▶ _ACTIVITY_: Once you find the line with "Tales March 2019" in the listing below, please repeat it and every later line exactly, through the last one, without pictures.

▶ _INFORMATION SUPPLIED_:
--

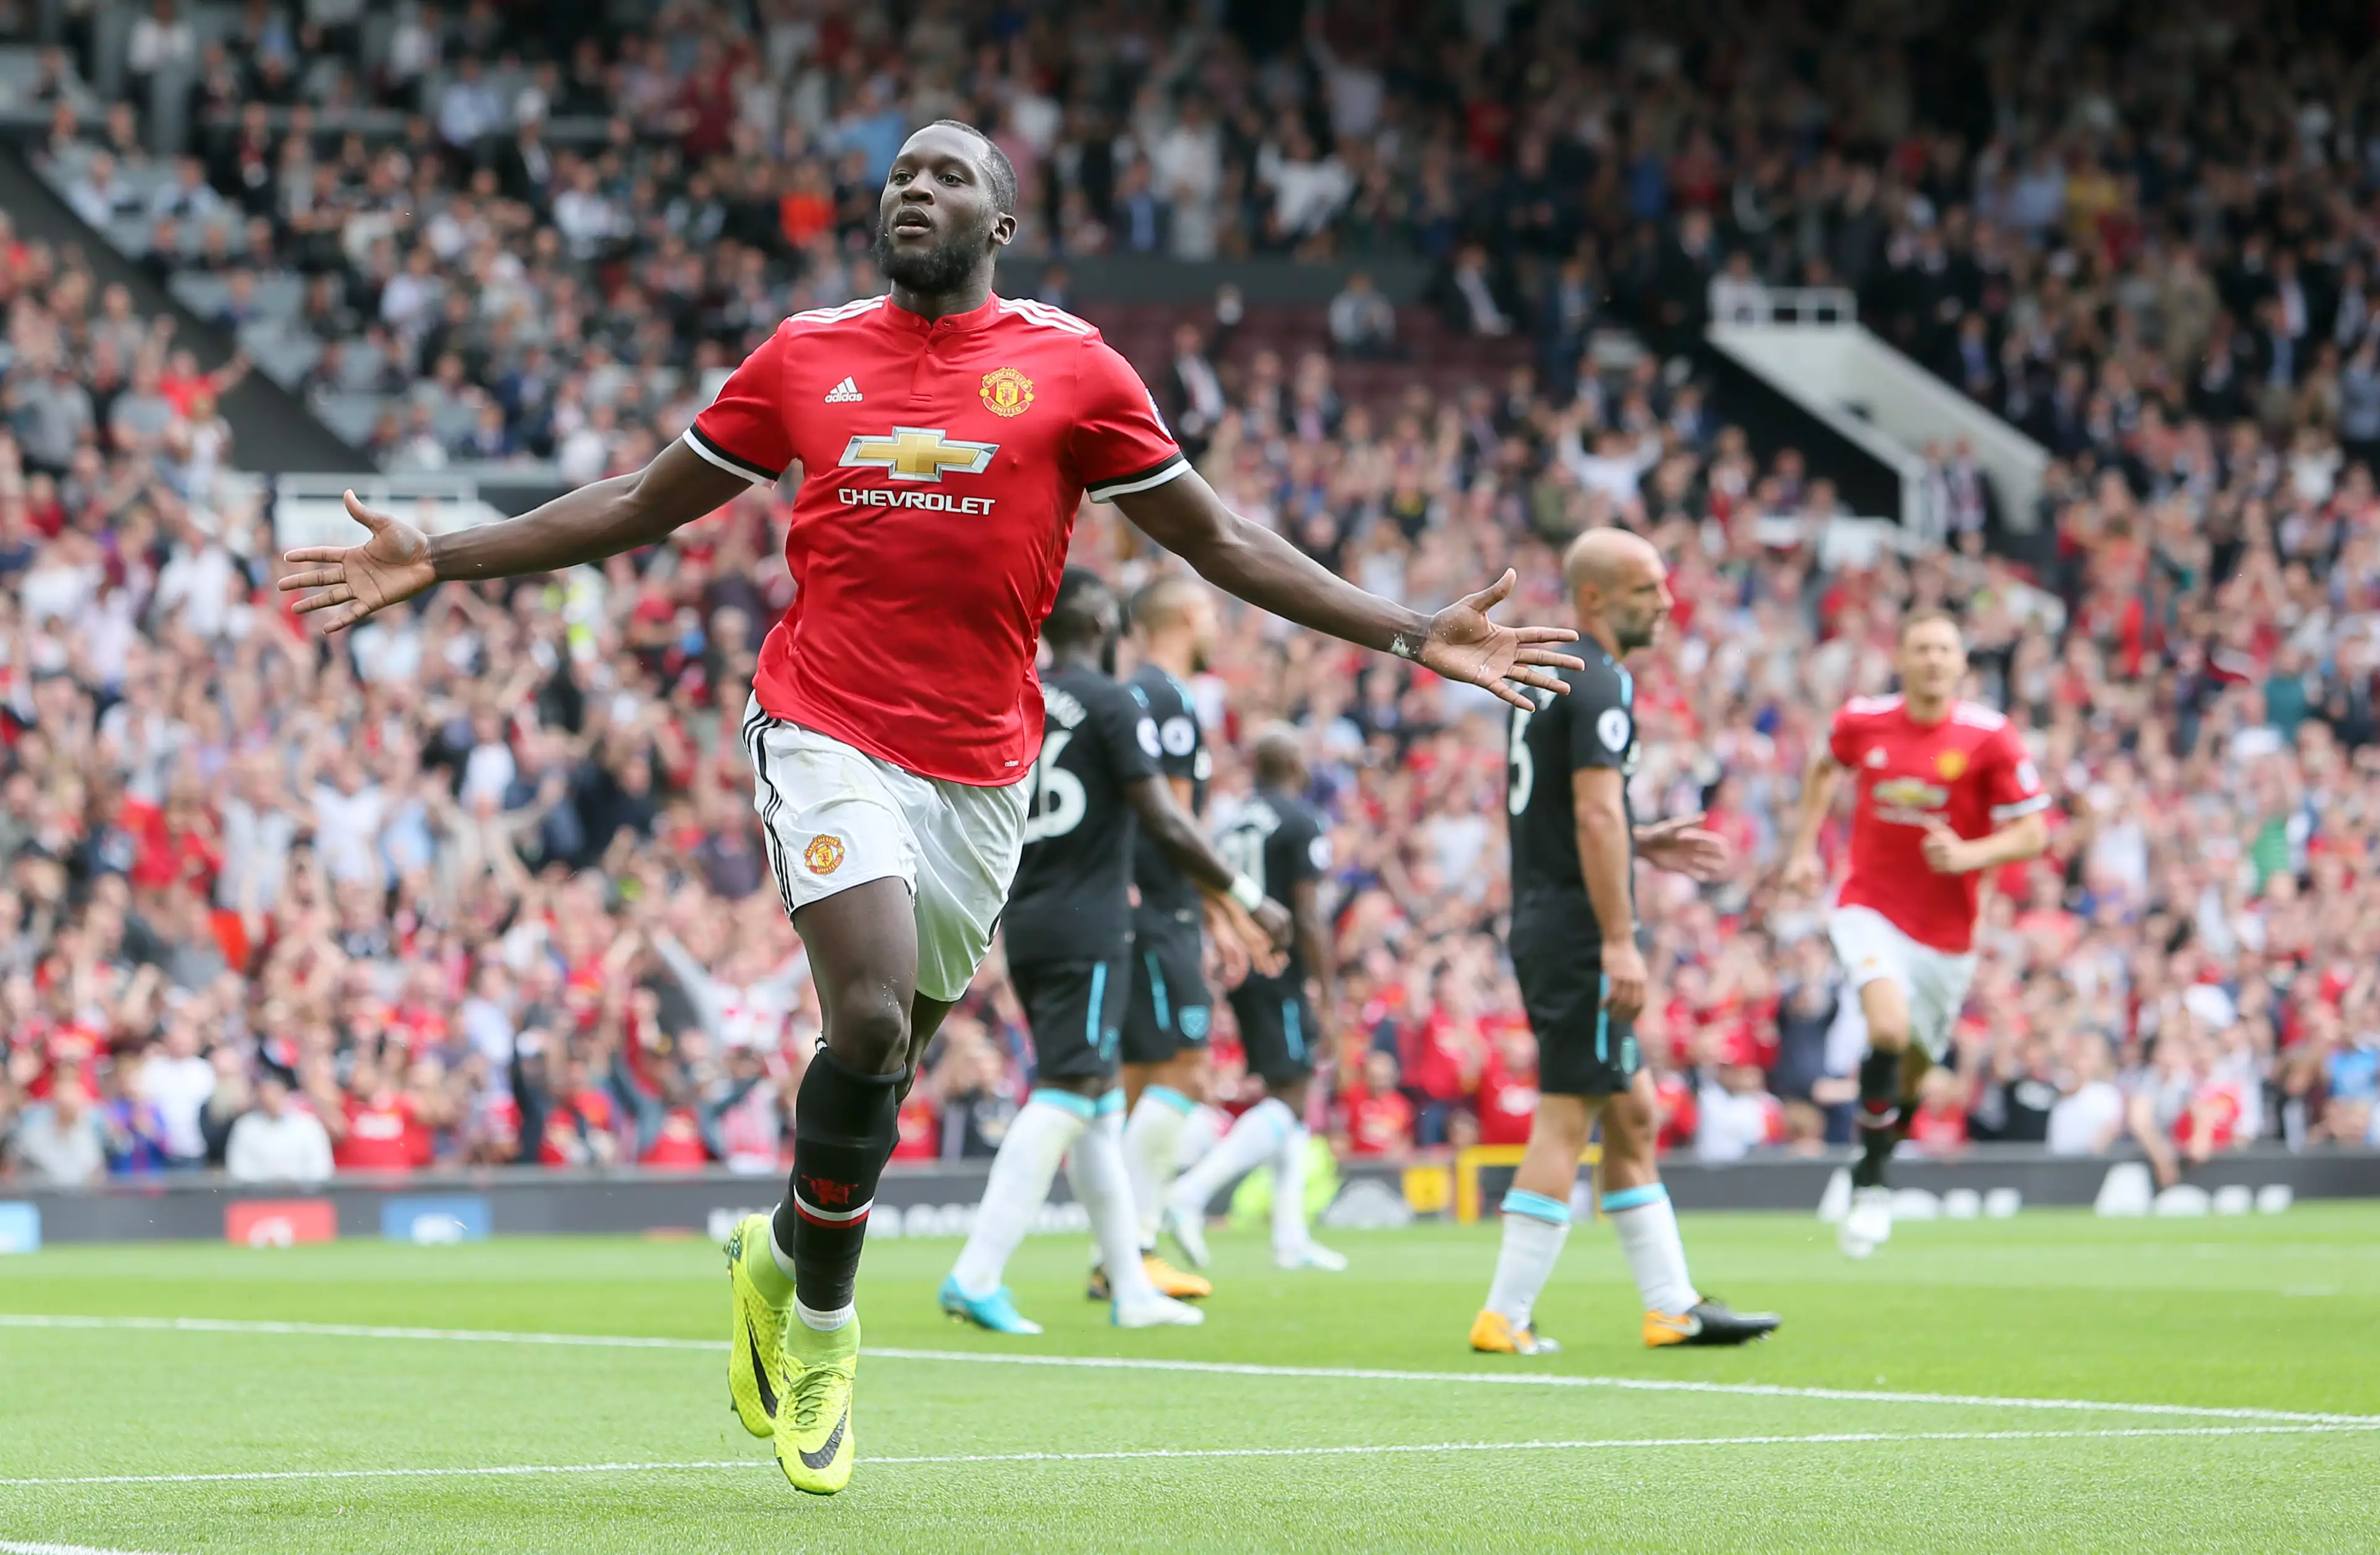 Lukaku did well for United but didn't fit in with Ole Gunnar Solskjaer's plans. Image: PA Images
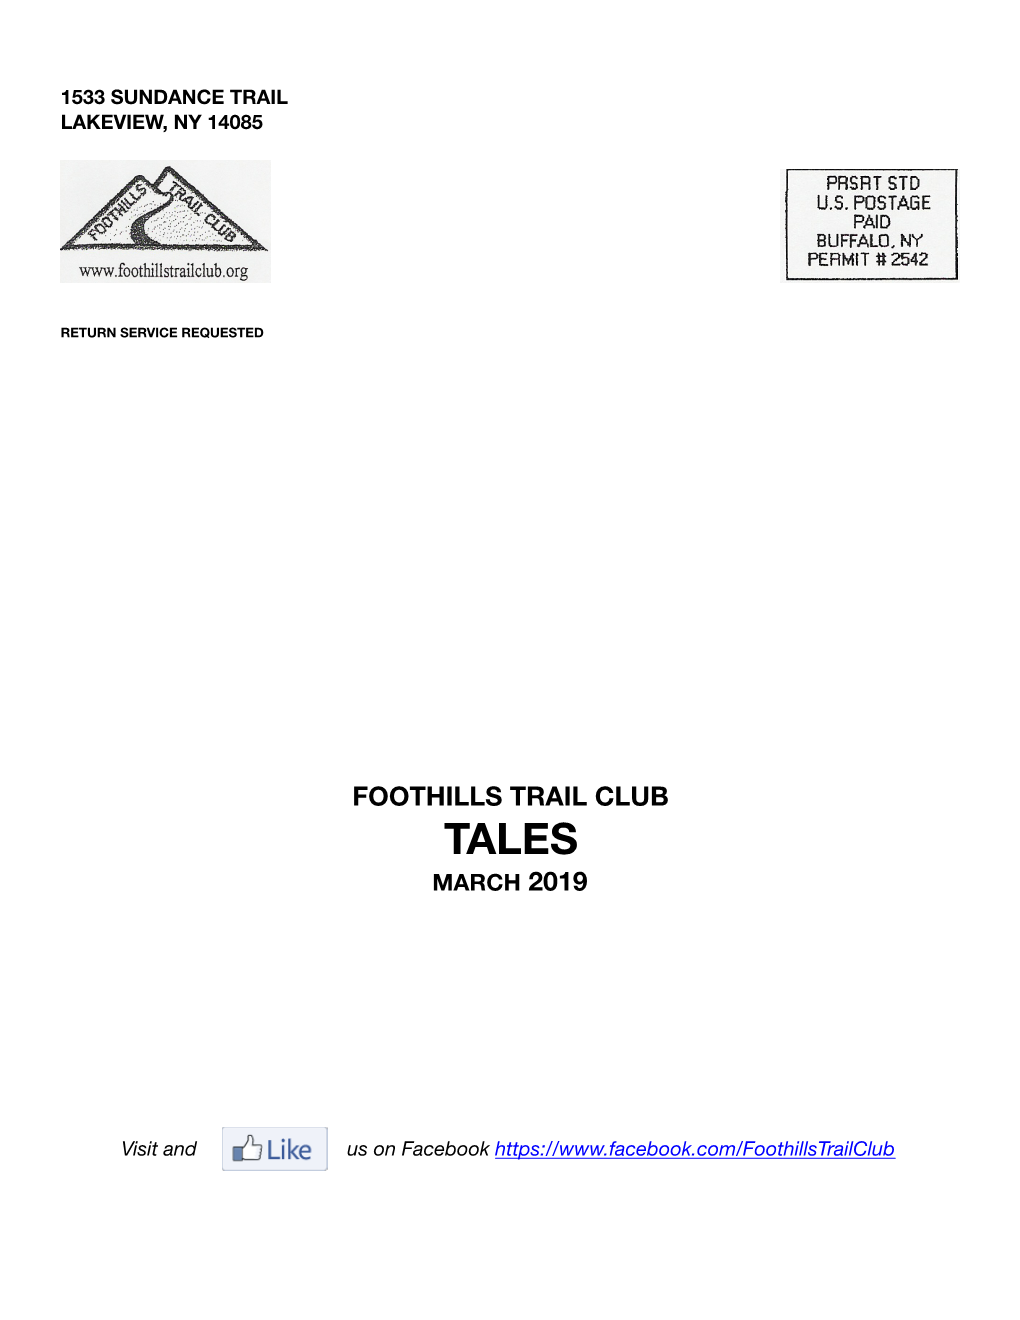 Tales March 2019
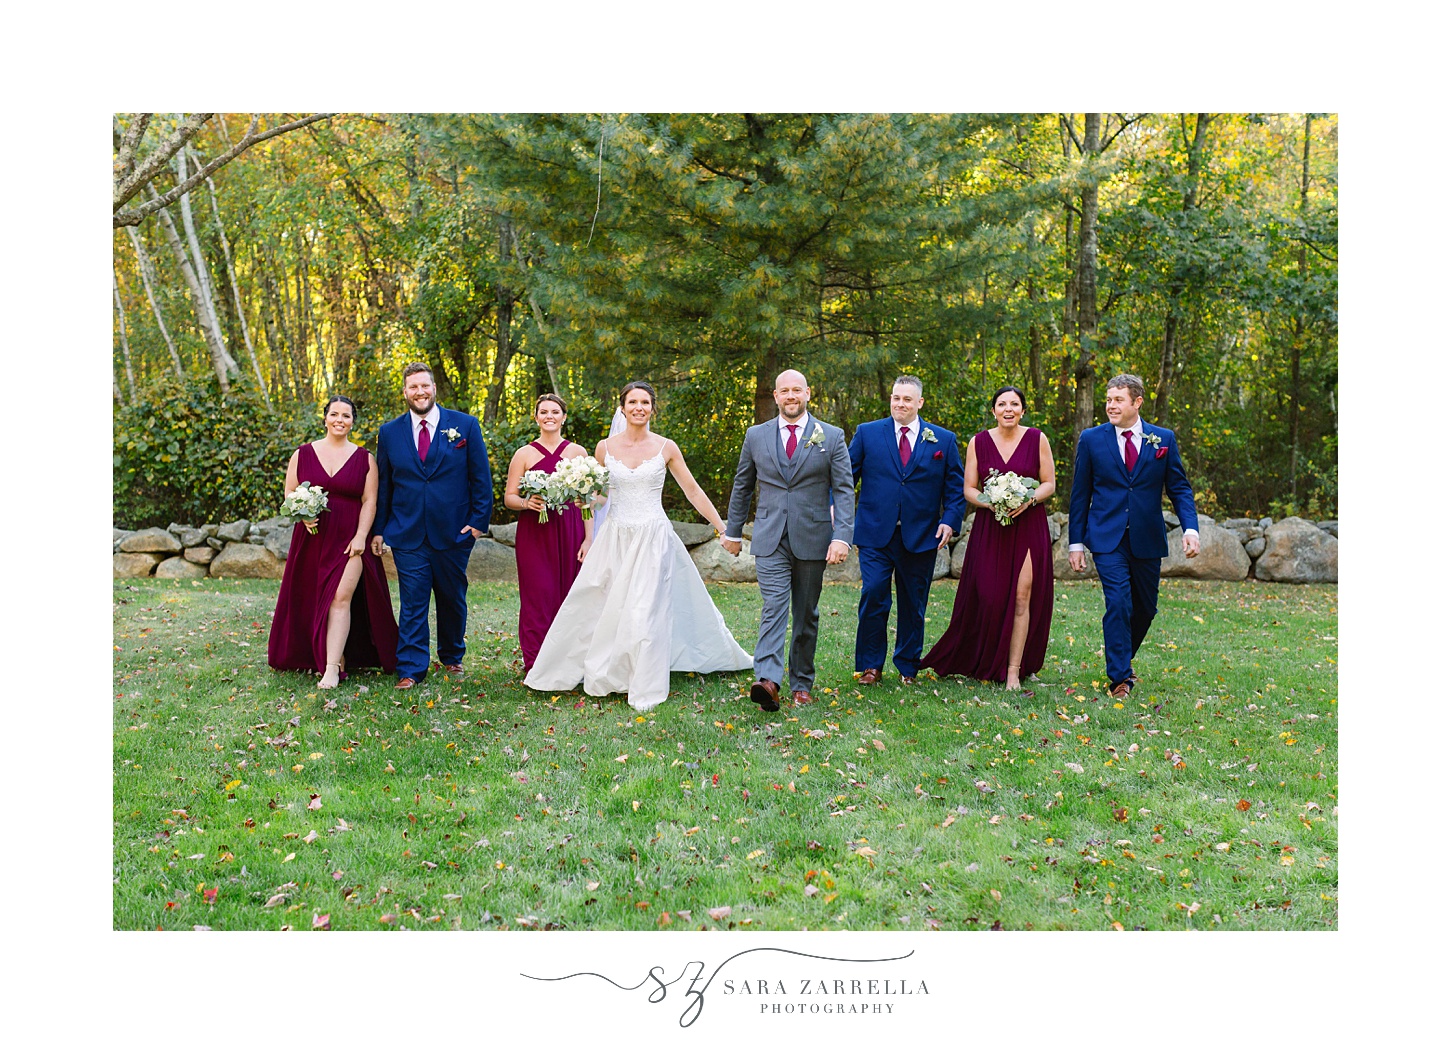 bride and groom walk with bridal party in burgundy gowns and navy suits

--

▶ _ANSWER TO THIS EXERCISE_:
 Tales March 2019
 bride and groom walk with bridal party in burgundy gowns and navy suits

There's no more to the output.